The first six months of 2022 have given a flavour of the unfolding bear market. For sterling investors, the 10% decline of the pound has masked somewhat the magnitude of falls such that global equities are down by just 10% to the end of June. Similarly, global bonds are down, even in sterling terms in the first half. Against this backdrop it is encouraging that the net asset value (‘NAV’) total return (including dividends reinvested) is up 10.7%. Again, it must be noted that the decline in sterling was a major contributor to the NAV uplift given the distribution of Company’s assets. However, this was a conscious decision with the majority of cash being held in US dollars. The importance of changing the Company’s investment policy can be seen from the contributions of two holdings that were added to the portfolio during 2021.

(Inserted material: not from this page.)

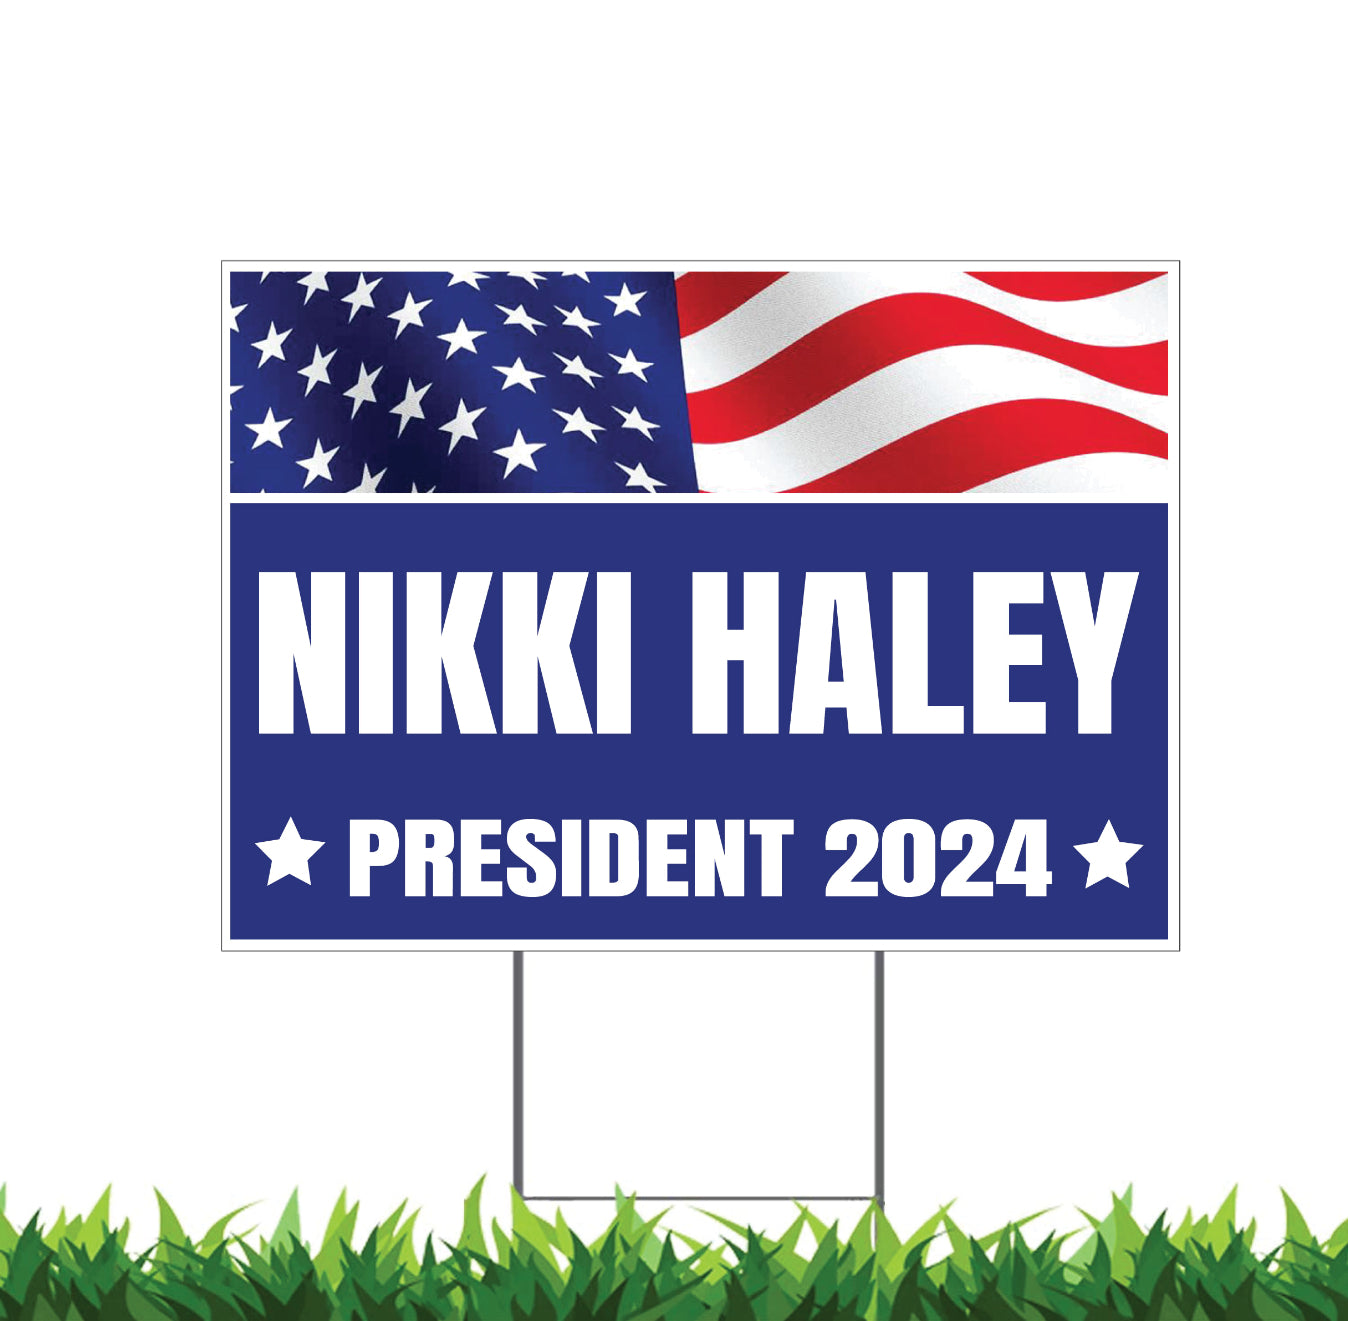 Nikki Haley for President, President 2024 Yard Sign, 18x12, 24x18, 36x24, Double Sided H-Stake Included, v1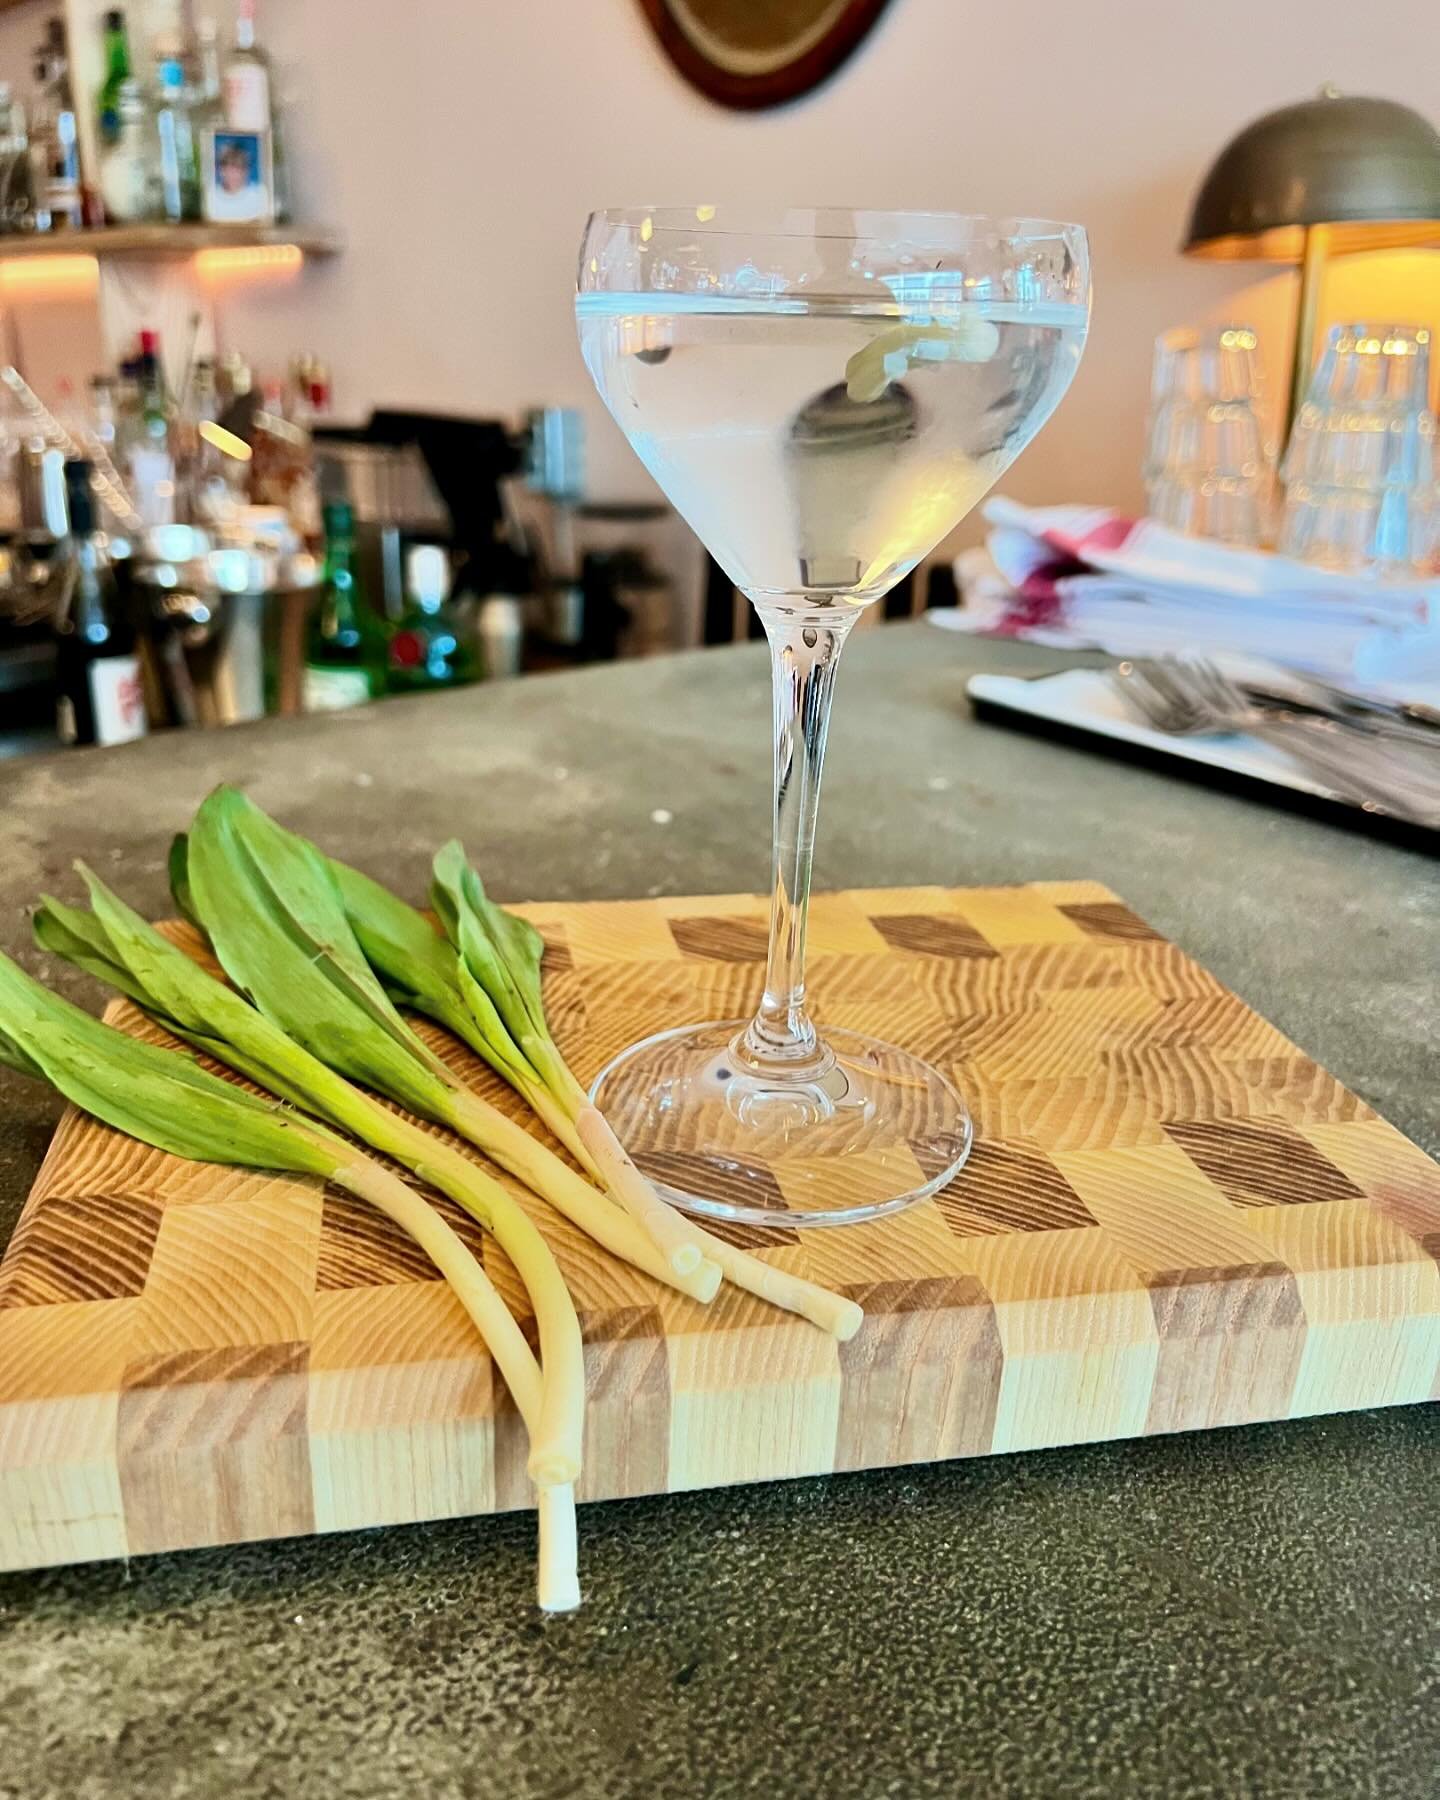 New Gibson with wild leeks, gin and a bit extra vermouth.

The first of these was the Templeton European Long-Short Equity fund (‘TELS’). The manager is an experienced short seller and ideally positioned to take advantage of the opportunities presented by the inflated valuations attached to companies with fundamental business issues. Whilst TELS produced some positive returns when markets remained bullish and rising, its significance to the Company’s asset risk profile was apparent when markets began to take a much more detached and cooler look at valuations. TELS has provided strong returns during periods when equity market indices were meaningfully negative. In the world of an ‘everything bubble’ this is an extremely valuable risk management tool.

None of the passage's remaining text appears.